Адаптация совести
Шрифт:
Тогда получается, что все бесполезно? Наш интеллект существует сам по себе, а наши страсти — производные нашего животного происхождения? Иначе как объяснить феномен Баратова? Соседка уверяет, что они всем домом написали письмо Генеральному прокурору. Наверное, действительно написали. И действительно не хотят верить в такие обвинения против своего милого и интеллигентного соседа. Как все это уживалось в Баратове? Монтень и Фолкнер с одной стороны, изнасилованные и задушенные женщины — с другой…
Гуртуев продолжал перелистывать книги, Резунов вернулся на кухню. Дронго сидел в кресле, продолжая размышлять.
Мы тоже не всегда бываем образцами нравственности и моральных устоев. Когда на Мадейре он искал украденную редкую и дорогую куклу, к нему в номер заявились сразу две женщины.
Тогда в чем дело? Почему мы настолько лицемерны? Почему позволяем себе то, что недопустимо для наших партнеров? Почему мы считаем себя более свободными и не даем подобную свободу своим близким? Почему наша мораль так эластична, растягиваясь до невозможных пределов? Давай спокойнее. Что плохого я тогда сделал? Изменил жене сразу с двумя прекрасными женщинами. Но Джил понимает, что я не аскет и наверняка иногда позволяю себе подобные вольности. Но сразу с двумя… А если Джил тоже решит допускать подобные вольности? Или твоя свобода распространяется только на самого тебя? Почему мы так легко позволяем себя обмануть, почему так легко прощаем себе собственные грехи?
Баратов считает, что его нельзя осуждать за совершенные им преступления, хотя понимает их противоестественность и противоправность. Он просто не может иначе получать то удовольствие, которое получают миллионы обычных мужчин во всем мире. Тогда почему мы его обвиняем? Ведь мы тоже получаем удовольствие любым доступным для нас способом. Изменяем своим женам, готовы к групповому сексу, покупаем проституток, когда хотим и когда у нас есть деньги, не отказываемся от случайных связей и готовы лечь в кровать даже с близкими подругами и родственницами своих благоверных. Тогда почему мы осуждаем других, если сами не можем считаться образцами морального совершенства?
Да, мы никого не убиваем, но разве мы не губим душу проститутки, которая соглашается переспать с нами за деньги, развращая ее и пользуясь несчастным положением женщины? В проститутки идут не от развращенности, а чаще всего из-за денег. Но мы предпочитаем об этом не вспоминать. И когда соблазняем замужних женщин, которые всю оставшуюся жизнь будут переживать из-за подобной измены своим мужьям, разве мы не нарушаем общепринятые моральные нормы? А когда мы соблазняем невинных девушек, пользуясь их неопытностью, разве мы не гасим нечто божественное в их душах, отравляя им на всю жизнь воспоминание о первой физической близости? Или скотского в нас действительно больше, чем духовного? И мы ближе к животным, чем к богам, которых придумали, чтобы иметь символы для самосовершенства?

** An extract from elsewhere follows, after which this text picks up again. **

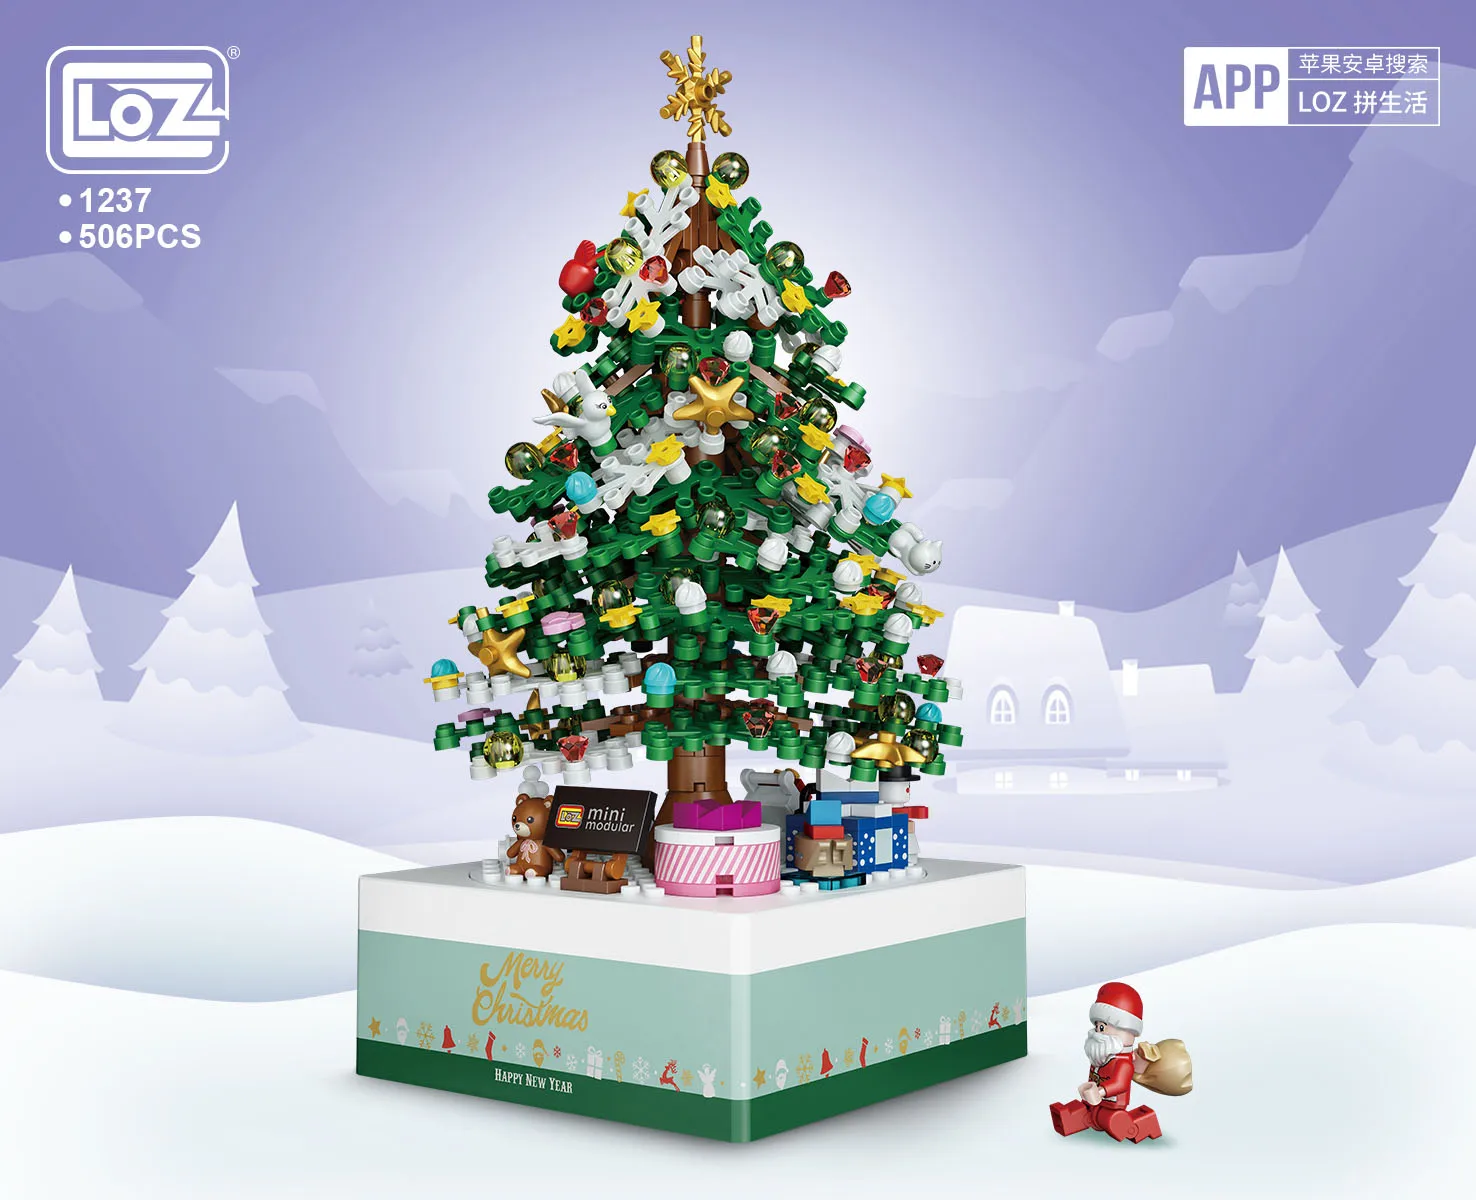 Loz 1237 Mini Particle Christmas Tree Music Box Assembled Building Blocks Bricks Model Children's Educational Toy Christmas Gift images - 2

Кажется, Шопенгауэр сказал, что человек является цивилизованным индивидуумом лишь под страхом норм права и закона. И стоит снять эти ограничения, как человек сразу превращается в дикое животное, готовое во имя собственных страстей убивать, насиловать, отнимать, терзать… И цивилизационная оболочка — всего лишь прикрытие нашей подлинной сущности?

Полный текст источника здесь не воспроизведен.